I’m thinking about you.
I’m thinking about you, Trader Joe’s Mildly Spiced Vegetable Burrito, even though I finished eating you half an hour ago. The carnage of your cardboard tray remains at my desk, your dried-on, mole-inspired guts stuck to my red plastic spork and the comically ineffective knife I borrowed from the office kitchen.
You are delicious every time, but after half a decade of exploring you inside and out, there’s so much I still don’t understand.
You’ve disappeared a few times. I’d be lying if I said I didn’t take it personally. But like my high school sweetheart, you always turned back up as though nothing happened. I hope, for your sake, nothing happened.
Frozen in pairs, you make it difficult to eat just one. To do that, I have to remove your solitary roll from the package, place you on a plate, and try to extrapolate the correct cooking time in the microwave at hand (the directions are for two burritos and stipulate that one leave them in the tray, both reducing the amount of dishes needing to be washed and, I suspect, improving cooking results). I fail most times, creating either a Trader Joe’s Mildly Spiced Vegetable Burrisplosion ™ or a meal with its skin intact but its center just thawed enough to make me not bother microwaving it some more.

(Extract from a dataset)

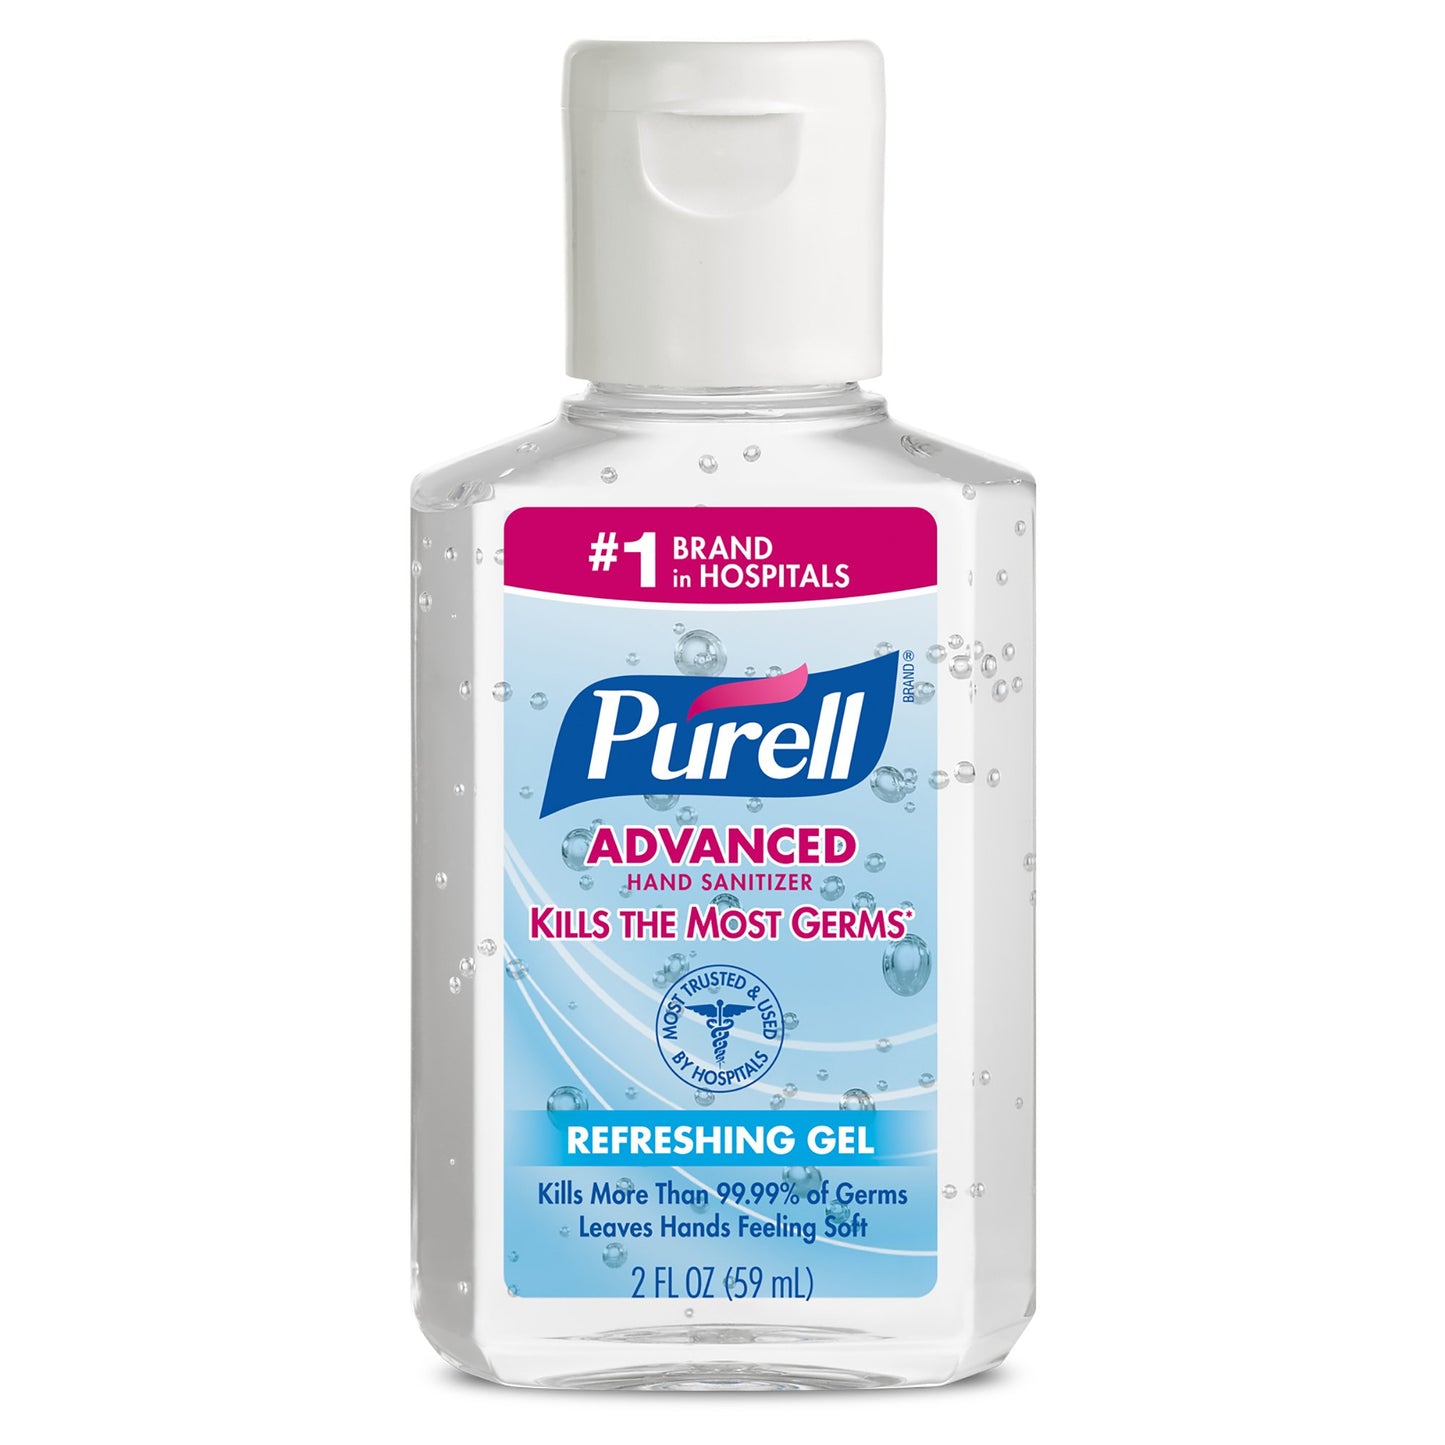 Purell Advanced Hand Sanitizer Gel Bottle 2 oz.

Why is your tortilla so flimsy, Trader Joe’s Mildly Spiced Vegetable Burrito? Why do you contain no rice to act as a life preserver while you drown in your incredible sauce? And why are you
not in the “Trader Jose’s” line, like so many of your other delightful “Mexican food” friends when you are but an American interpretation of Mexican cuisine? I guess I don’t have all the answers.
Your vegetable choice? Excellent — I love anyone who can rock a broccoli. Your spice blend? Perfect, smoky, faintly tickling my nose’s mucus production. Your ability to be eaten as a burrito should be (with two hands) without tearing through the sides and/or bottom rather than with a knife and fork like some common diner with “manners”? Not that good. You could also use some guacamole.
I think you are delicious, Trader Joe’s Mildly Spiced Vegetable Burrito. I really do. But I have to admit that you are a sad burrito. I’m sorry you are sad, Trader Joe’s Mildly Spiced Vegetable Burrito. I am sad, too.